Neyse Lise 2'de dersaneye başlayınca gördüm ki ben hiçbir şey bilmiyorum, Fizik'de 3-5 doğru ancak yapıyorum çünkü o güne kadar hiç görmemişim test tekniği filan.
Lise 2 öyle geçti. Lise sona geçince mecburen Fizik dersi almam gerekti. Tabi bu işin bir piyasası var ve piyasada da meşhur hocalar var. En meşhuru de Yavuz Hoca.
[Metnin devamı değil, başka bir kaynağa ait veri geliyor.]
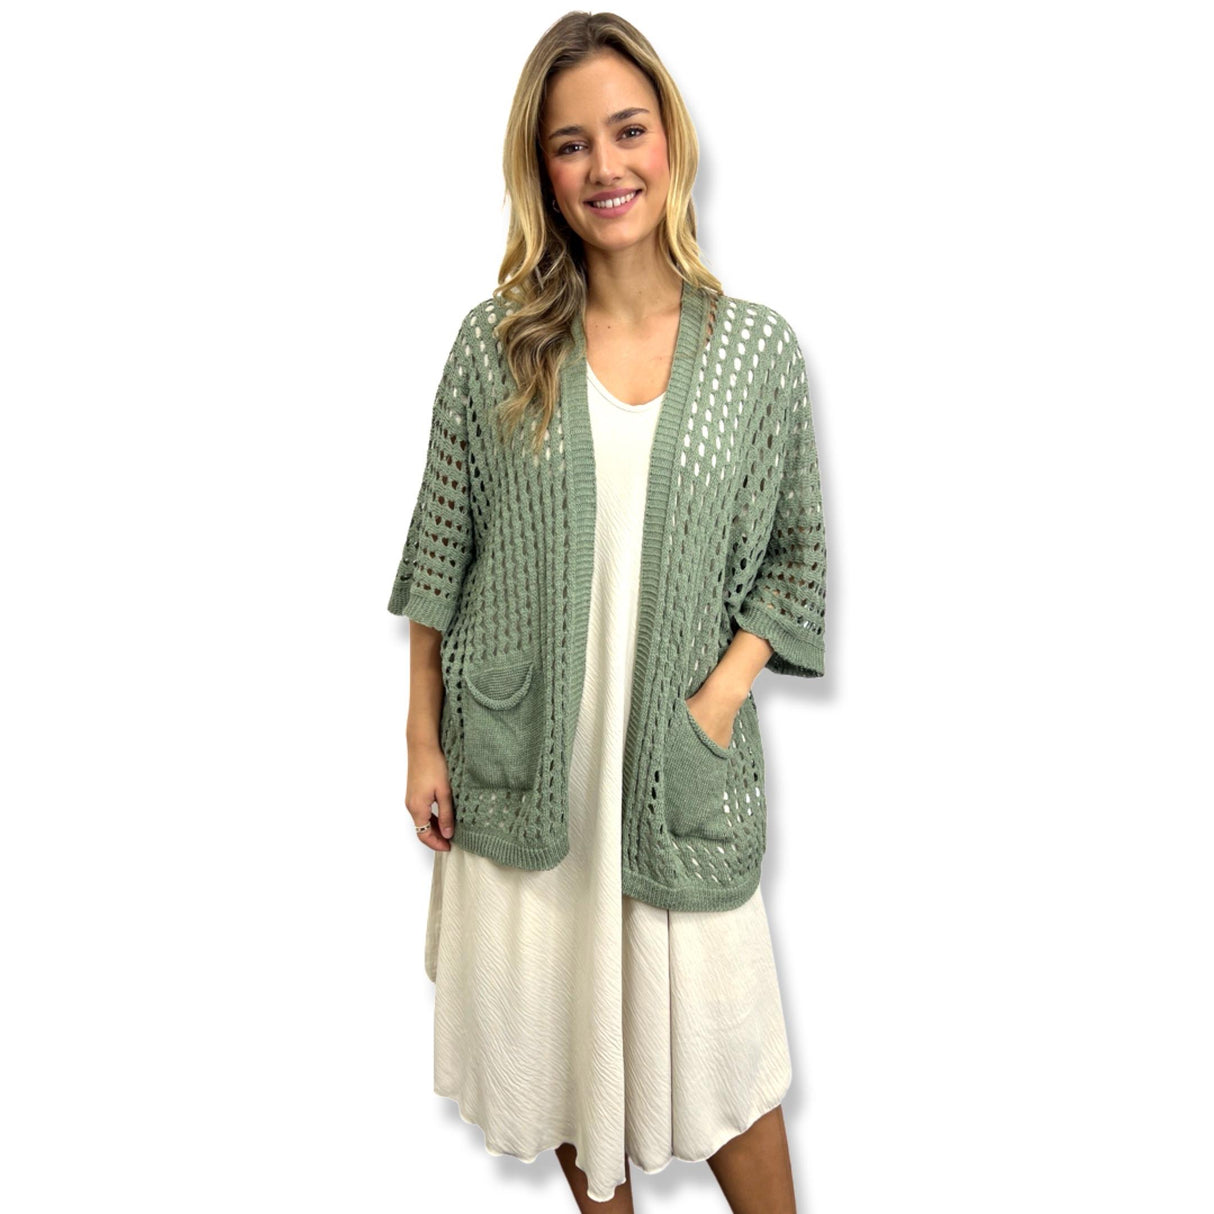 CROCHET CARDIGAN OVER HIP WITH 2 FRONT POCKETS 100% COTTON

Gittik kapısını çaldık. Ders ücretini öğrendik, o zamanın parası ile 7 milyon.
Bizim maddi durum zaten rezalet, güç bela yaşıyoruz. Annem Yavuz Hoca ile konuştu, bu çocuk çok başarılı ve babası yok, ben zor okutuyorum özel okulda filan dedi ve Yavuz Hoca tüm yıl boyunca benden sadece 4 milyon aldı.
Öyle iyi bir insan ki, görseniz kapısı para basıyor. Hiçbir mecburiyeti yoktu o indirimi yapmaya, sağolsun.
Özel derslere başladık, 5 kişilik gruplar halinde alıyorduk dersleri, 2-3 ay içinde Fiziğim o kadar ilerledi ki, ben bile şaşırdım kaldım. Sonuçta ÖSS'de Fizikten full çektim, ÖYS'de de 25 soruda 2 boş ve 1 yanlışım vardı sadece. İyi denen bir okulu kazandım, bitirdim ve maaşlı memur oldum. Bundan sonraki kısım gayet sıradan :)
Bu son günlerde yaşlandığım için midir nedir, hem aklıma geliyor eskiler: Yavuz Hocam, siz çok iyi bir insan,  komik ve pratik bir öğretmendiniz. Umarım mutlu bir ömür geçirmişsinizdir.